I'm completely new to Prefect and had some questio...
# prefect-community
s
I'm completely new to Prefect and had some questions about pickling dependencies for containerized execution environments. We are working on a project that uses a thin wrapper over Prefect Flows to include some additional input and output information https://github.com/developmentseed/example-pipeline/blob/fargate_test/recipe/pipeline.py. My question is about how
cloudpickle
serializes my Flow's dependencies with S3 storage. Based on some information outlined here https://prefect-community.slack.com/archives/C014Z8DPDSR/p1605200879483400 I've got S3 storage configured and working but it seems that my Flow's upstream dependencies are not pickled when I register the flow as indicated in https://docs.prefect.io/core/advanced_tutorials/task-guide.html#task-inputs-and-outputs. Specifically I receive the following dependency error
Unexpected error: ModuleNotFoundError("No module named 'h5netcdf'")
. I can build an image with the necessary dependencies for use with the
DaskExecutor
and everything works correctly but our goal is to decouple our execution environment from Flows. Am I misunderstanding how Flow dependencies should be serialized by
cloudpickle
. Is there another approach I should be considering in this case? Thanks in advance.
j
Hi Sean, Python dependencies with Prefect have two parts: • Your flow and the tasks within it are usually all written in a single python file. A
Storage
class manages getting the contents of this to an execution environment. • The Python dependencies your code relies on (for example
h5netcdf
).
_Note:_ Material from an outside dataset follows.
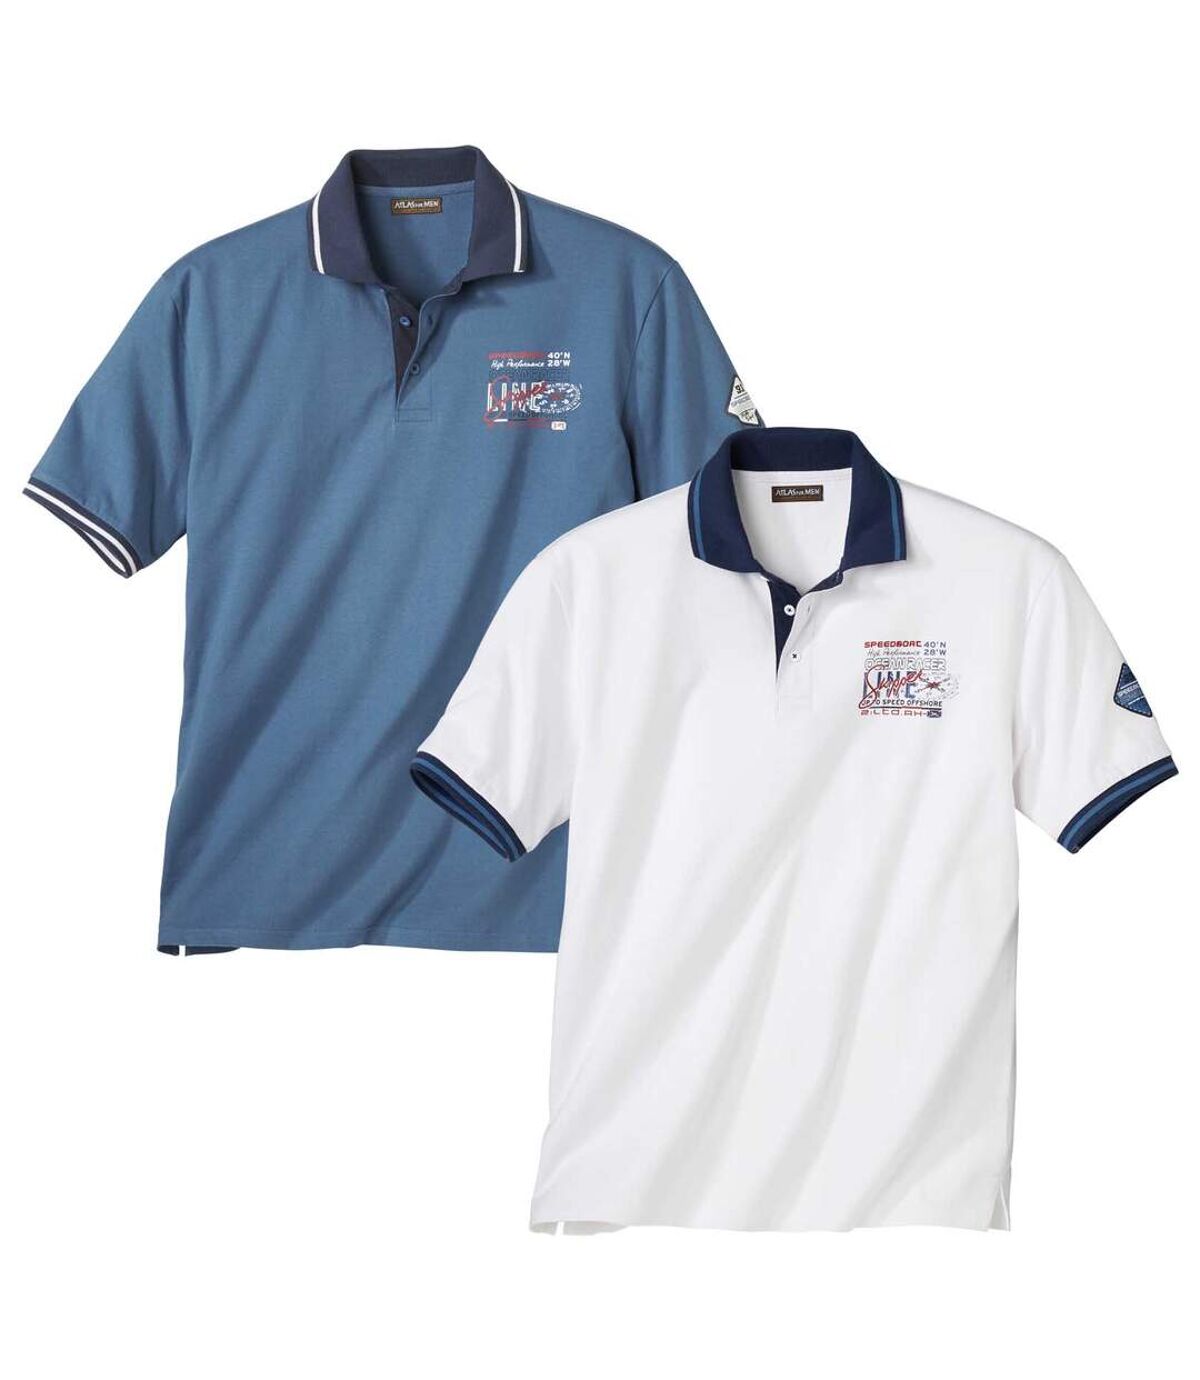 Pack of 2 Men's Skipper Polo Shirts - White and Blue Atlas For Men

These need to be handled separately by you using e.g. a docker image, conda environments, etc... If you want to decouple "execution environment" from flows I recommend having a superset of all dependencies needed by all flows in an environment - a prefect storage class has no way of moving around anything except your flow code itself.
In your case you might have a base image with all the dependencies you need, then use the
S3
storage to manage only your flow code. Then all flows share the same image.
Alternatively, flows can specify an image to use (it doesn't need to be configured on the agent alone), so you might have a
S3
storage + image pair to configure a flow. Up to you.
s
@Jim Crist-Harif Thanks for the quick response. I suspected my understanding of `cloudpickle`'s serialization was incorrect. Also, we were able to leverage all of your great work on
dask-gateway
on some other projects so I'm psyced to see you are working with Prefect. Thanks again.
👍 1
j
Nice, glad to hear it!
c
@Marvin archive “How are Flow dependencies pickled when using S3 storage?”